England lost, 2-1, to Croatia in the World Cup semifinals on Wednesday. All in all, it was classic World Cup form for the English.

Their hope in the shape of a genuinely beautiful free kick goal by Kieran Trippier, a lead that felt like a death sentence, and the creeping, inevitable collapse in extra time. It was English football the way mum made it: Valiant and ultimately futile.

One variation on previous collapses was England didn’t lose on penalty kicks this time. That part was weird, England! Let’s all forget that England actually won a game in a shootout against Colombia to get to the quarterfinals. Probably forget that England played well throughout the tournament, too, and that they made the semifinals, and that there were people in England who genuinely believed that England could win a World Cup. Forget that for a minute everything seemed — and pardon the embarrassing and deeply un-English word here — promising.

I can say this now: We’re so glad that’s over. All that, England? The optimism, the giddy, beery celebrations, the hope? It was weird, England. It felt downright strange — almost uncomfortable, really — to see English soccer fans happy for more than a fleeting instant, much less rolling through Russia yelling “PEAKY BLINDERS” or “THIS INSCRUTABLE PASTRY WITH FISH IN IT IS DELICIOUS” or whatever English people yell.

That strangeness comes from the contrast with the usual deep pessimism of English soccer in all this already very pessimistic Englishness. England is already the world’s greatest overall exporter of weaponized pessimism in every form. This probably started earlier than Shakespeare, but let’s use him as an arbitrary starting point here, because Shakespeare’s essential message is the most English of all: “well that was crap all along, wasn’t it?”

  • Romeo and Juliet: Love and families, total crap.
  • Hamlet: Your children are crap, won’t prevent your murder, and will probably botch your revenge, too. Also, life itself? Crap.
  • Henry V: France is crap, total crap.
  • Macbeth: Ambition is crap, witches only partially crap.
  • A Midsummer Night’s Dream: Fairies? Mostly crap.

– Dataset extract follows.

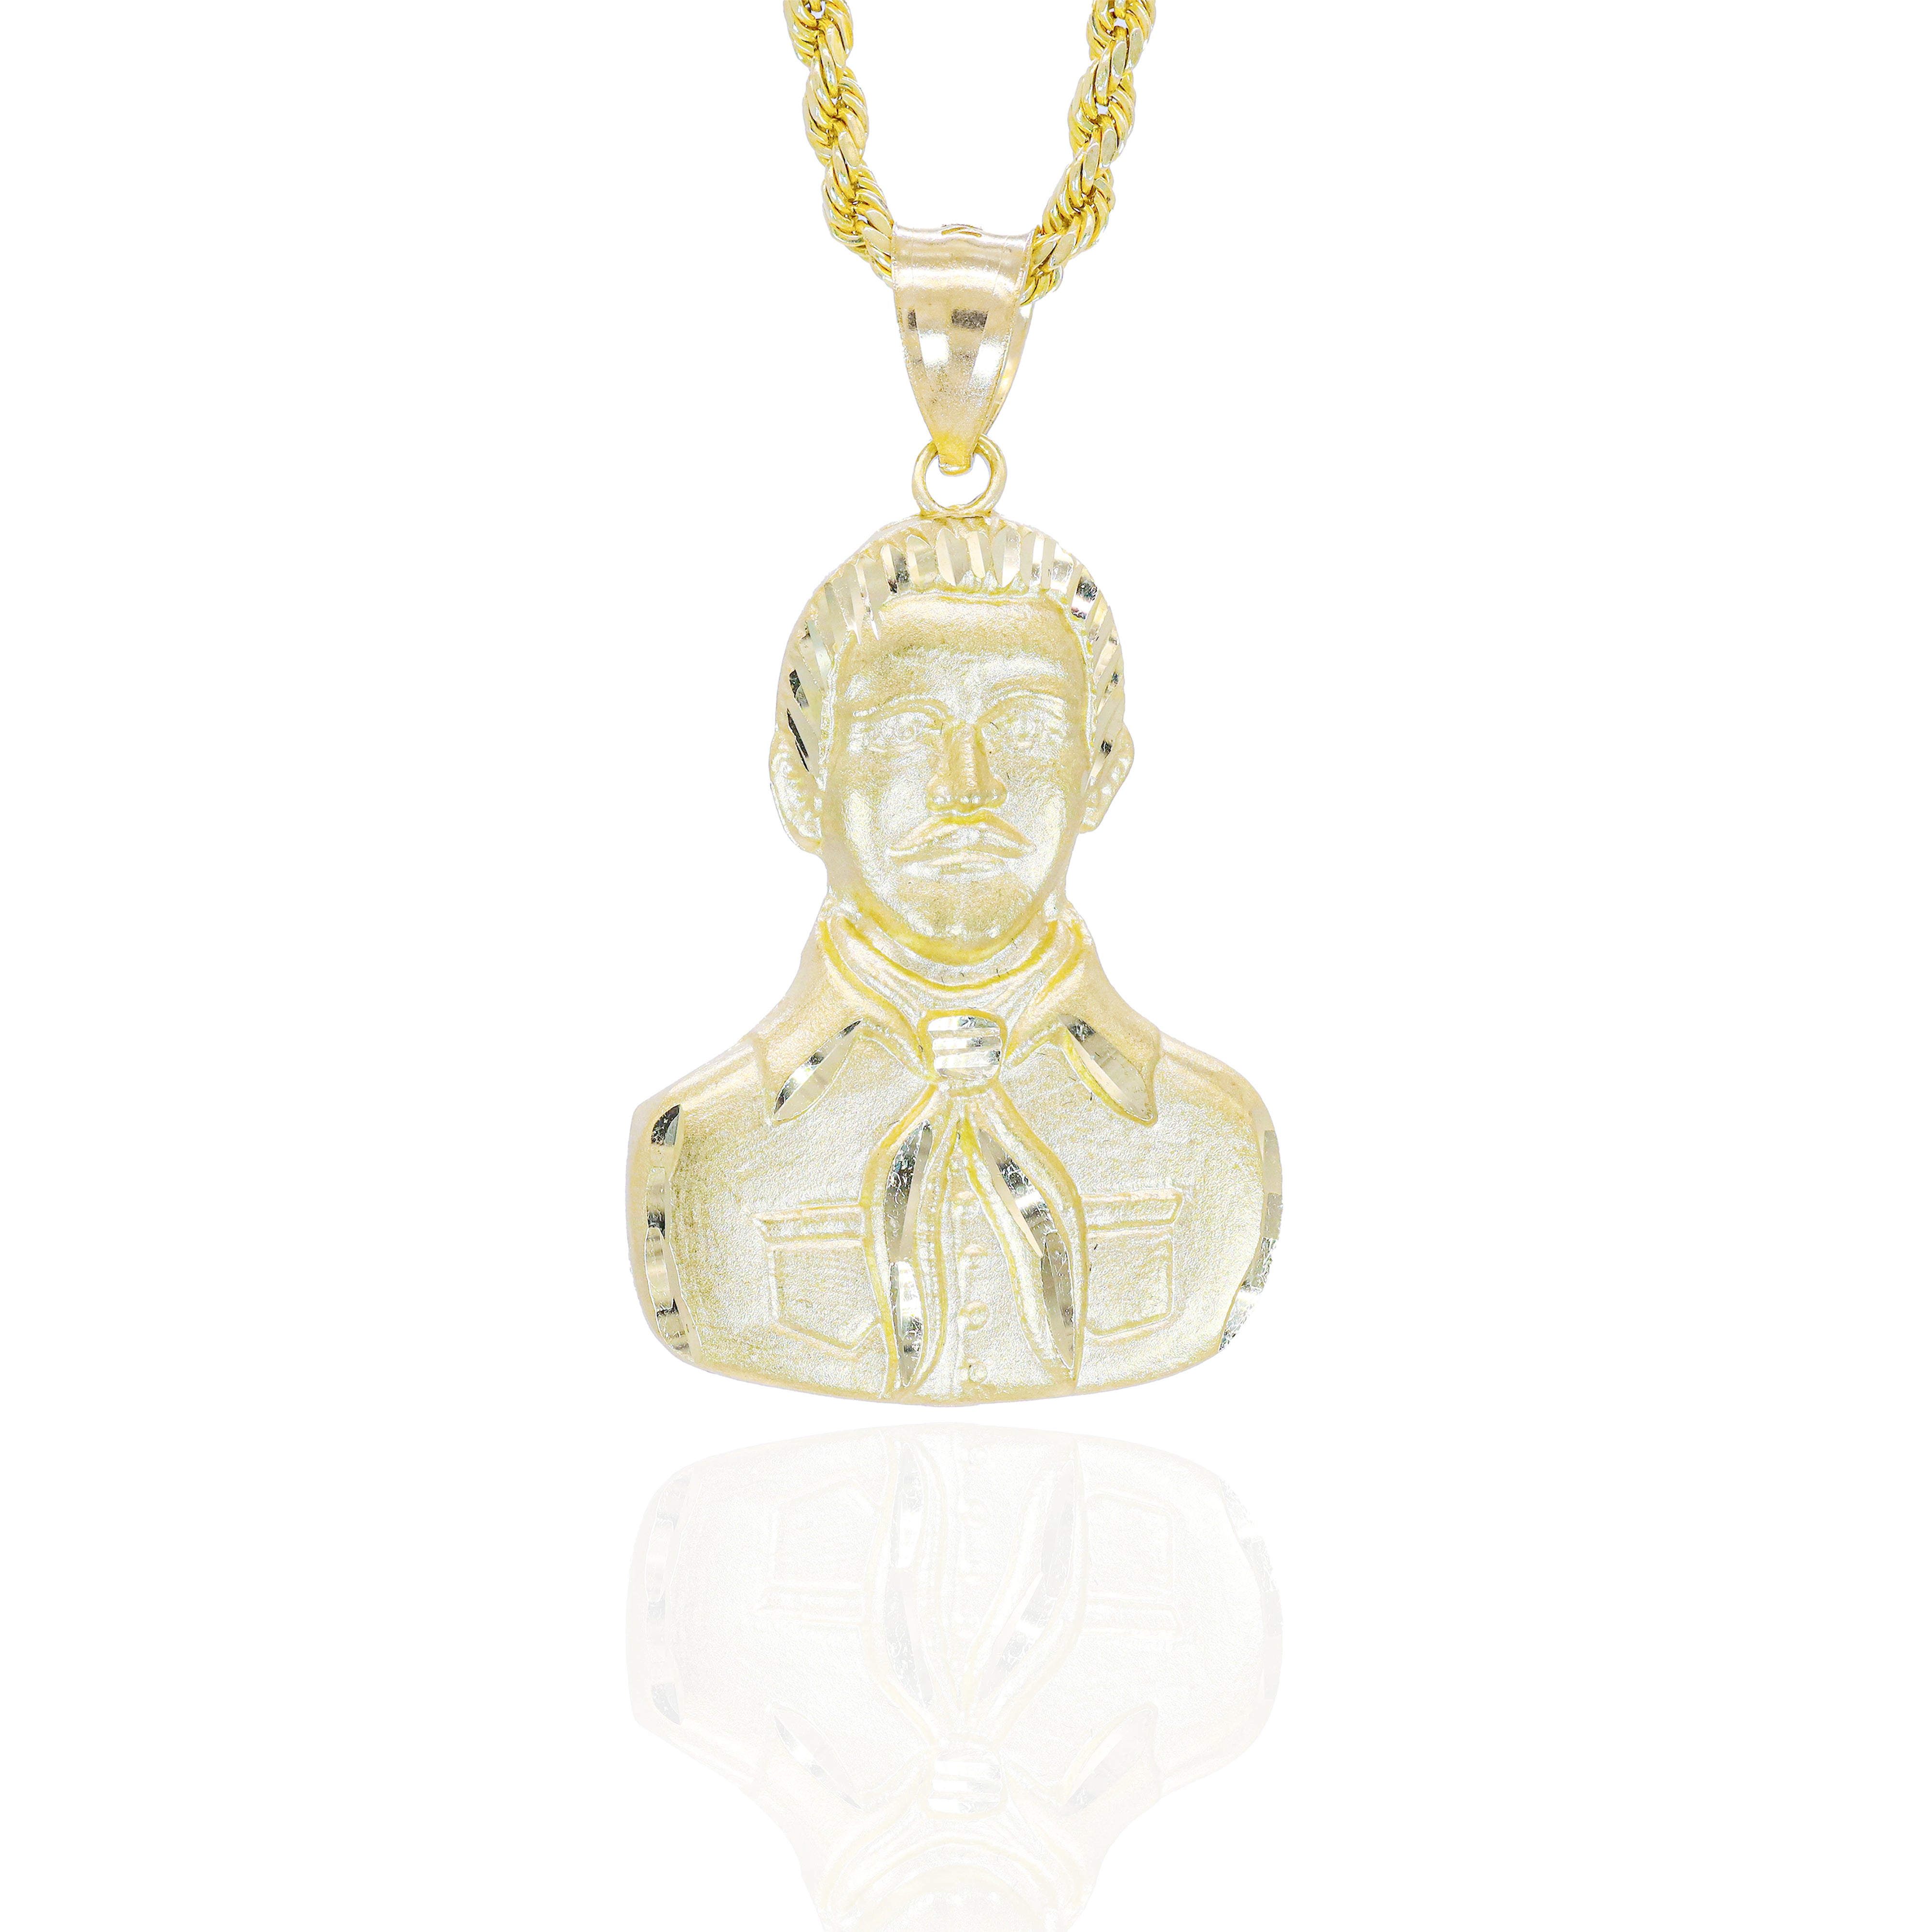 10KT Yellow Gold Malverde Solid Gold Pendant

There is a definite and consistent theme here. It continues through novels like Frankenstein (science is crap) and Middlemarch (the country is crap), and runs all the way to the present in the form of anything Ricky Gervais has ever done (everything is crap, mate), Black Mirror (what if the robot was crap, but also you? What if you were the crap robot, eh?) to its purest form, English soccer.

There has been only one overwhelmingly positive product in the history of English culture. And even then, the Great British Bake-Off relies on everyone secretly believing their Knotsworthington Boxing Day Slaughter-Trifle is crap, and that Mary Berry is in fact lying when she says it is delicious.

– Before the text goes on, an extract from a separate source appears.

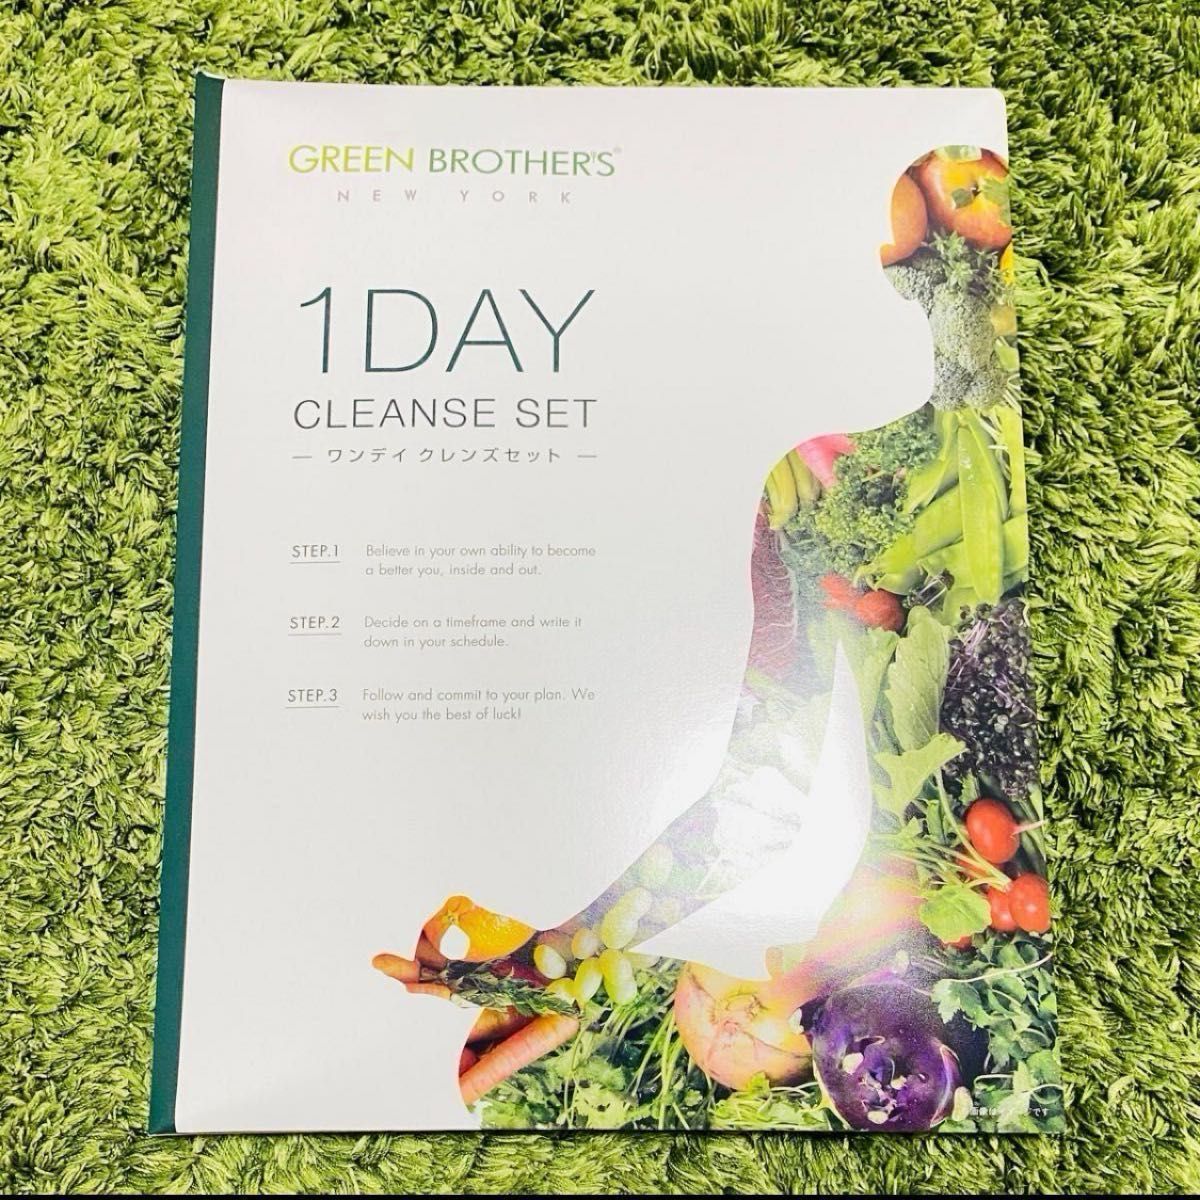 GREEN BROTHERS 1DAY CLEANSE SET GB1DAYクレンズ

For English soccer to have a good time at all at the World Cup wasn’t just a matter of running against type. It was outright inconvenient, especially for an event where barely concealed national stereotypes make up the bulk of flyby analysis. England was supposed to come in and die painfully and stoically because that is what sides in the World Cup are supposed to do. The French implode, the Italians connive, the Brazilians dance. The Germans calculate, and I’m honestly not sure what the Belgians are supposed to do. Belgium’s cultural export is befuddlement in the way England’s is militant pessimism.

There are roles to play, and England failed badly in being, well, England. An ebullient English side with little in the way of dysfunction didn’t just lack precedent. There was no vocabulary whatsoever for it, much less for the giddy fans roaming the streets incident-free and ladding it up.

The English press seemed as baffled as everyone else did. Only Raheem Sterling’s goalless streak in the tournament giving tabloid journalists anything dependable to cling to, because Raheem Sterling must be blamed for everything at all times.

Better to forget it, though, England. Remember: It was fun, and fun is crap, too. Fun leads to hope. Hope leads to expectations, and expectations lead to disappointment, and disappointment is top-shelf crap, in the sense that the crappiest crap would be placed higher than standard crap on hypothetical crapshelves.

England doesn’t believe any of that right now, though. They can’t — not after coming within spitting distance of a World Cup final and their best finish since 1990, all done with the third-youngest team at the tournament. Maybe they shouldn’t, since all results point to reasons for optimism. They might tell you it’s a crap argument, but the only thoroughly crap argument for the moment is pessimism.

I know, I know. It’s weird for us, too, England. But we’re all here now, telling you with the sincerity of an English husband calling his wife of forty years “dear” for the first time with tears in his eyes: It was, for once, anything but crap.

Crapshelves, by the way, is a real town in East Midlands. Absolute crap town, Crapshelves.